■ **DATASET CONTENT**
_ _ _ _ _ _ _

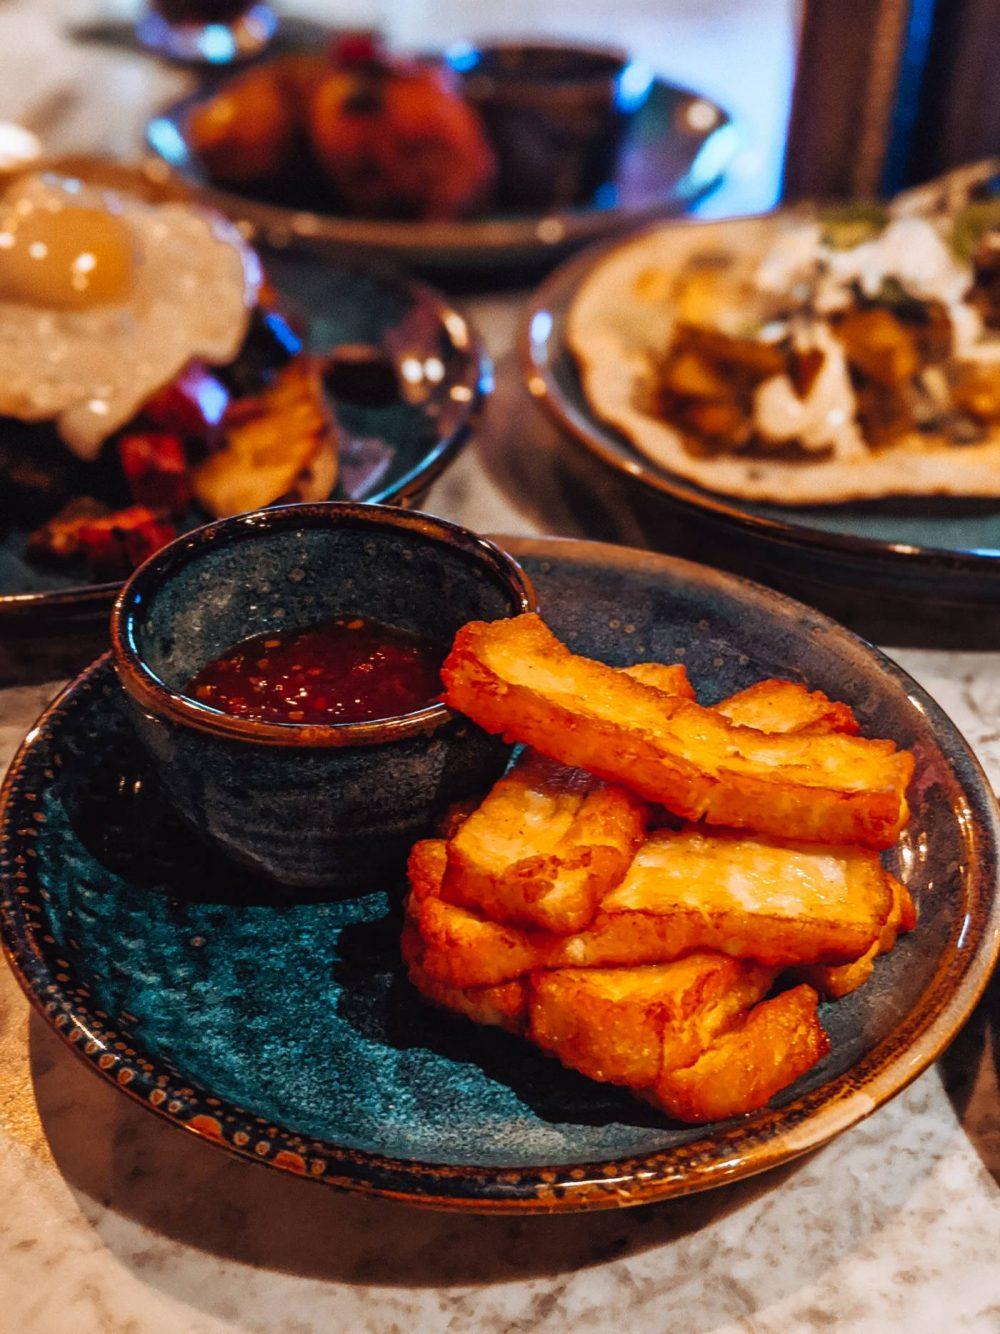 Halloumi fries at The Blossom Room Milton Keynes
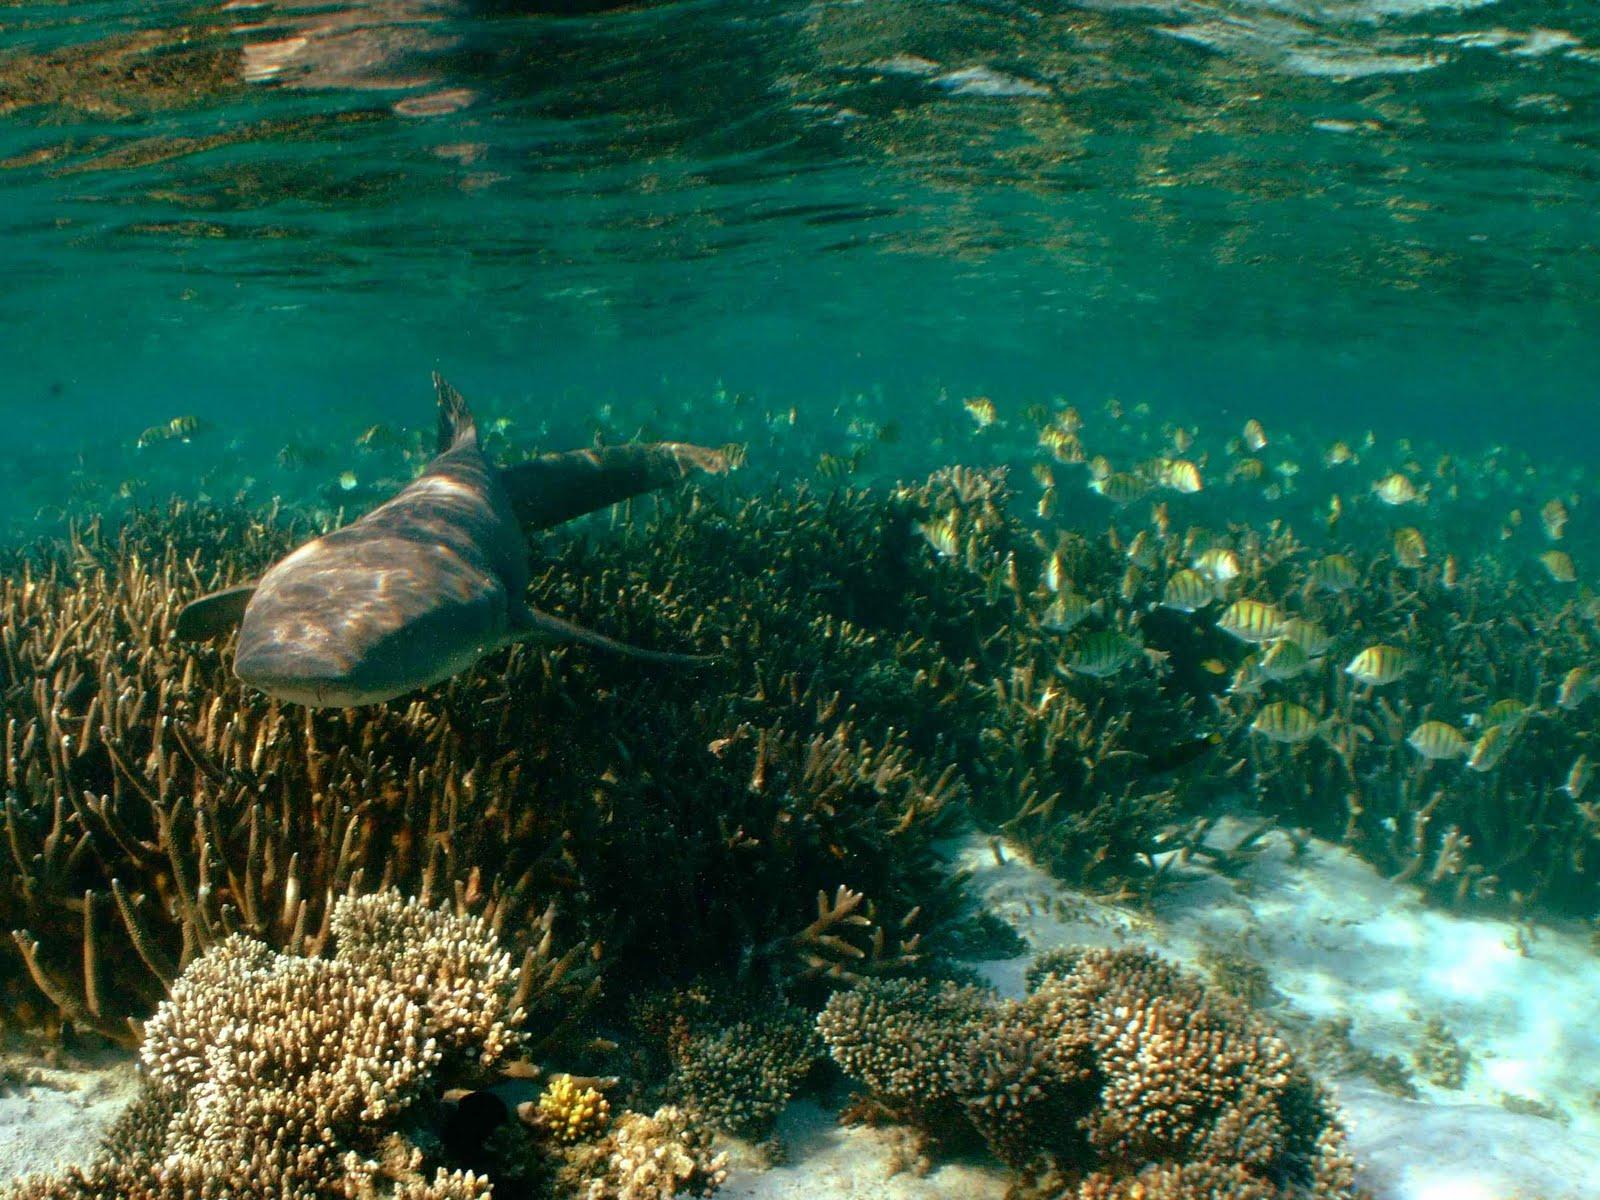 Sail ningaloo ningaloo reef dive liveaboard - Ningaloo reef dive ...
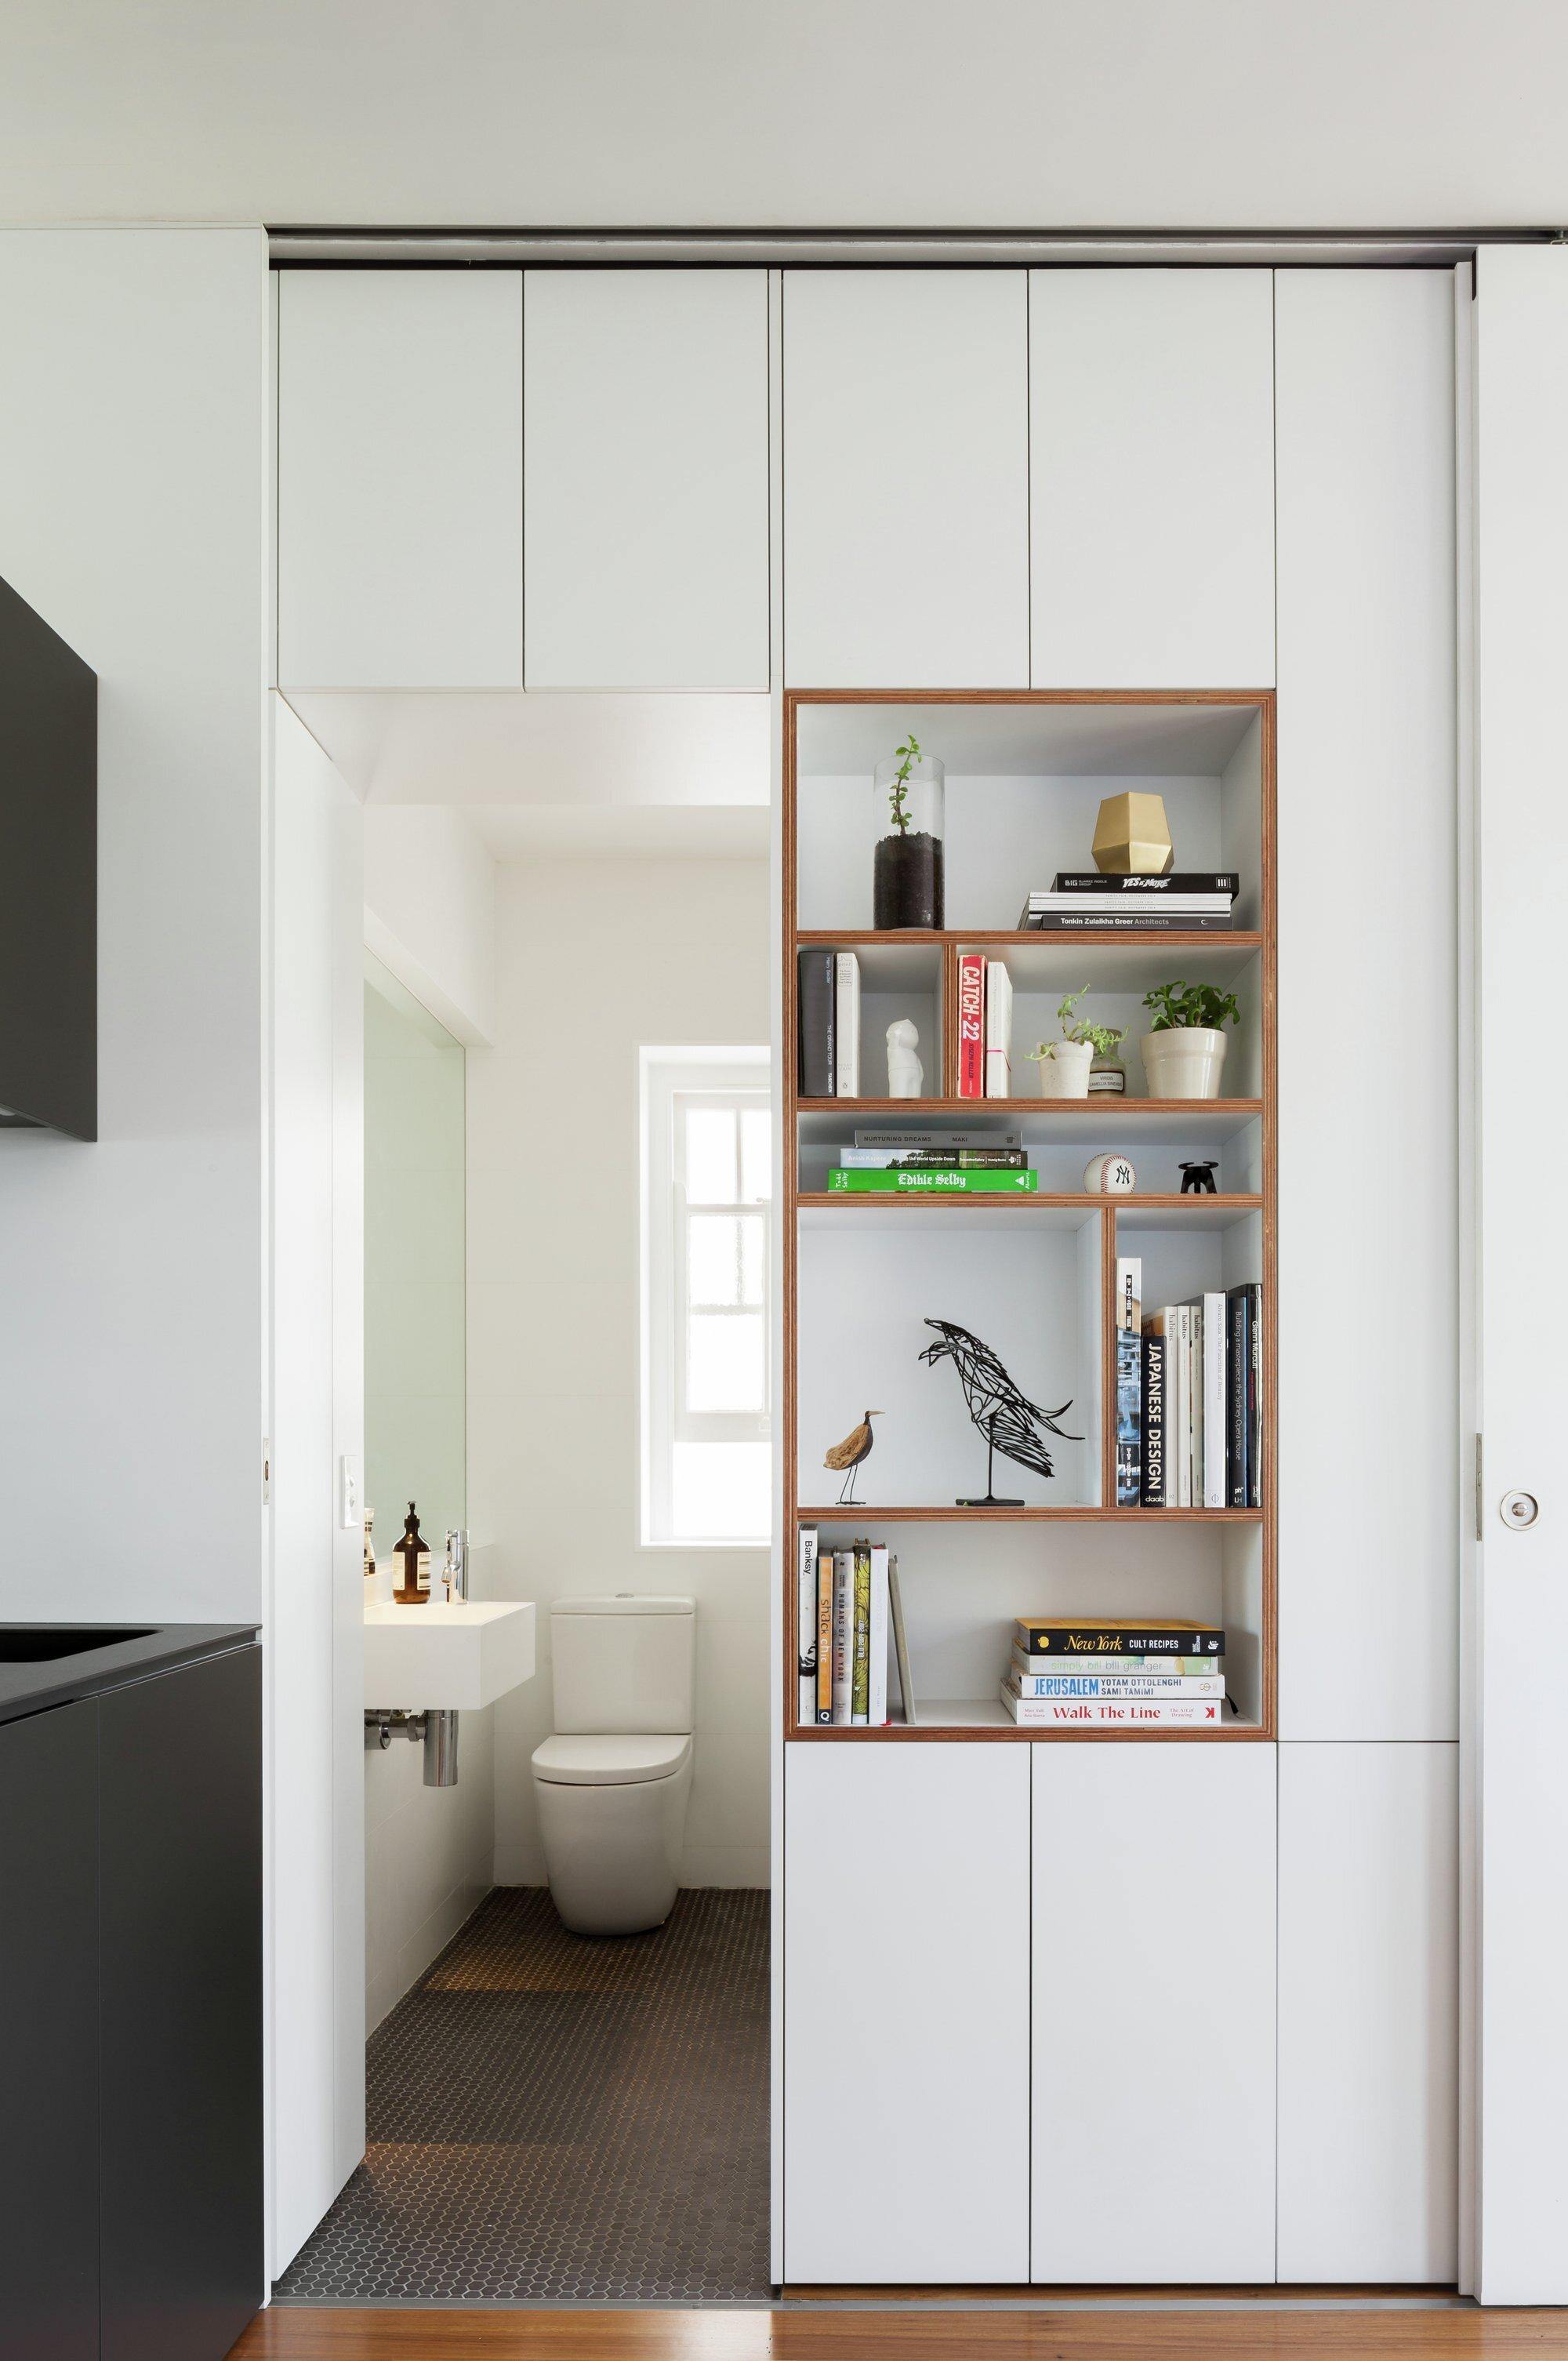 Darlinghurst Apartment - Tiny Apartment - Brad Swartz Architect - Australia - Bathroom - Humble Homes
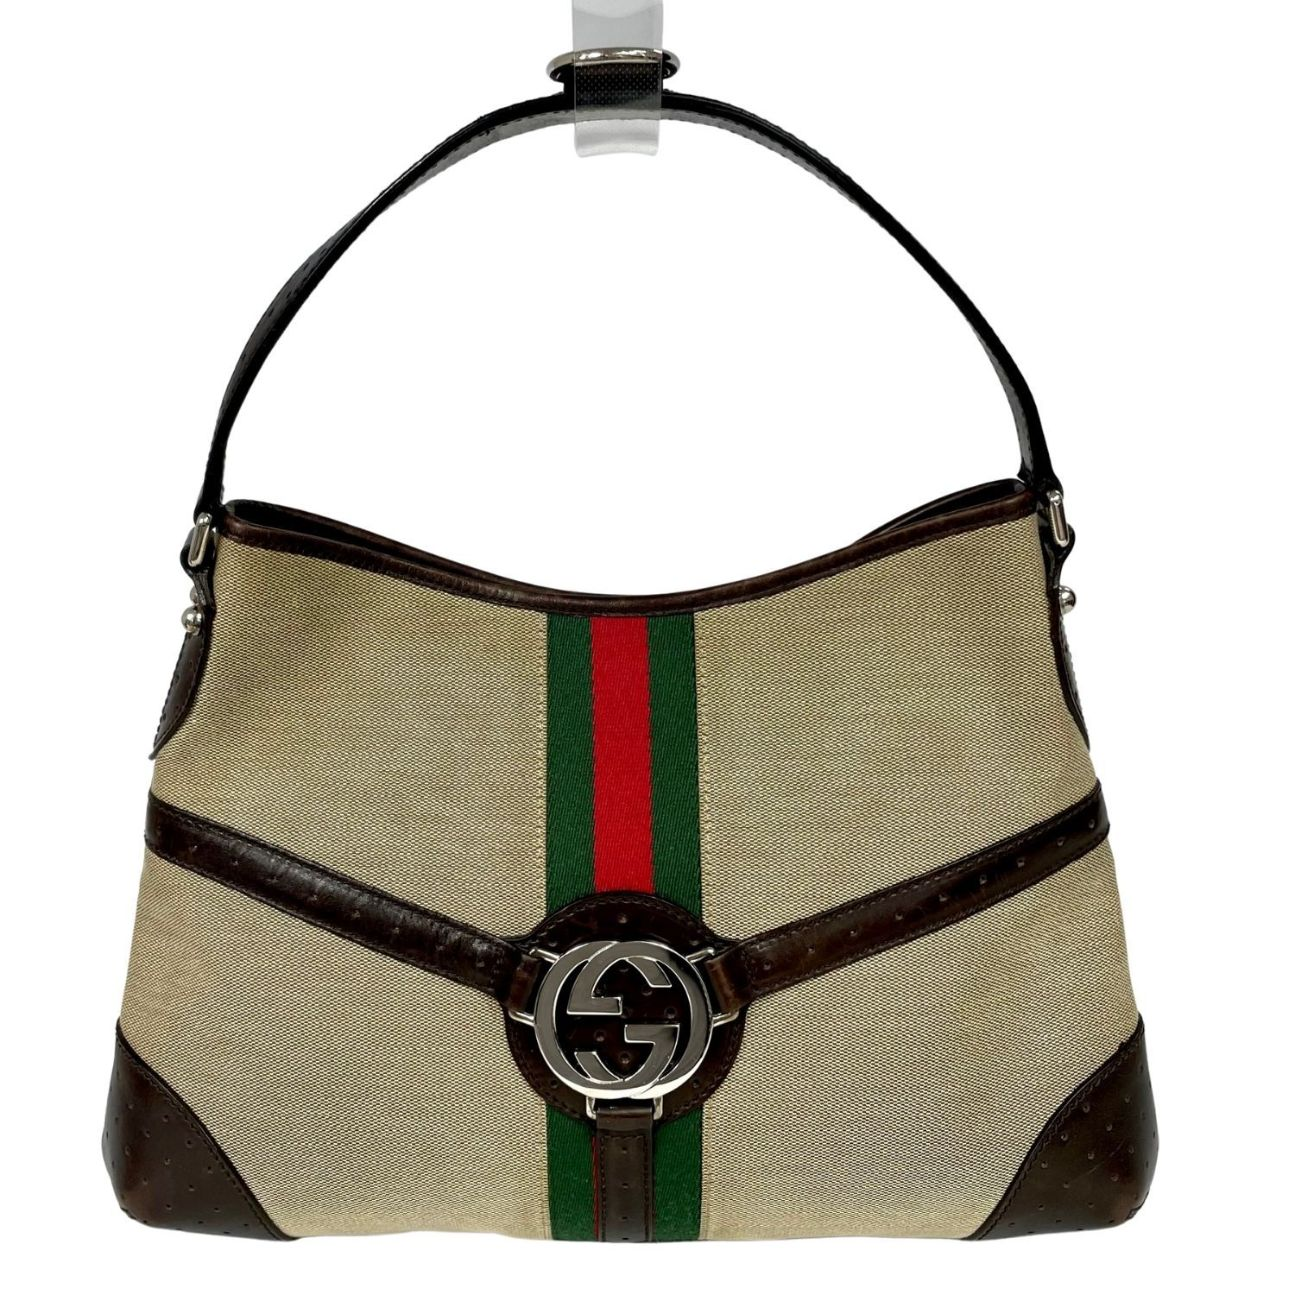 Bolsa Gucci Interlocking G Reins Hobo

_ _ _ _ _ _ _

■ **ASSIGNMENT**
Would you restate word for word only the lines from the one containing "Sail ningaloo ningaloo" to the final line of the material, both ends included, without any pictures?

■ **SOLUTION TO THE PROBLEM**
 Sail ningaloo ningaloo reef dive liveaboard - Ningaloo reef dive ...
 Darlinghurst Apartment - Tiny Apartment - Brad Swartz Architect - Australia - Bathroom - Humble Homes
 Bolsa Gucci Interlocking G Reins Hobo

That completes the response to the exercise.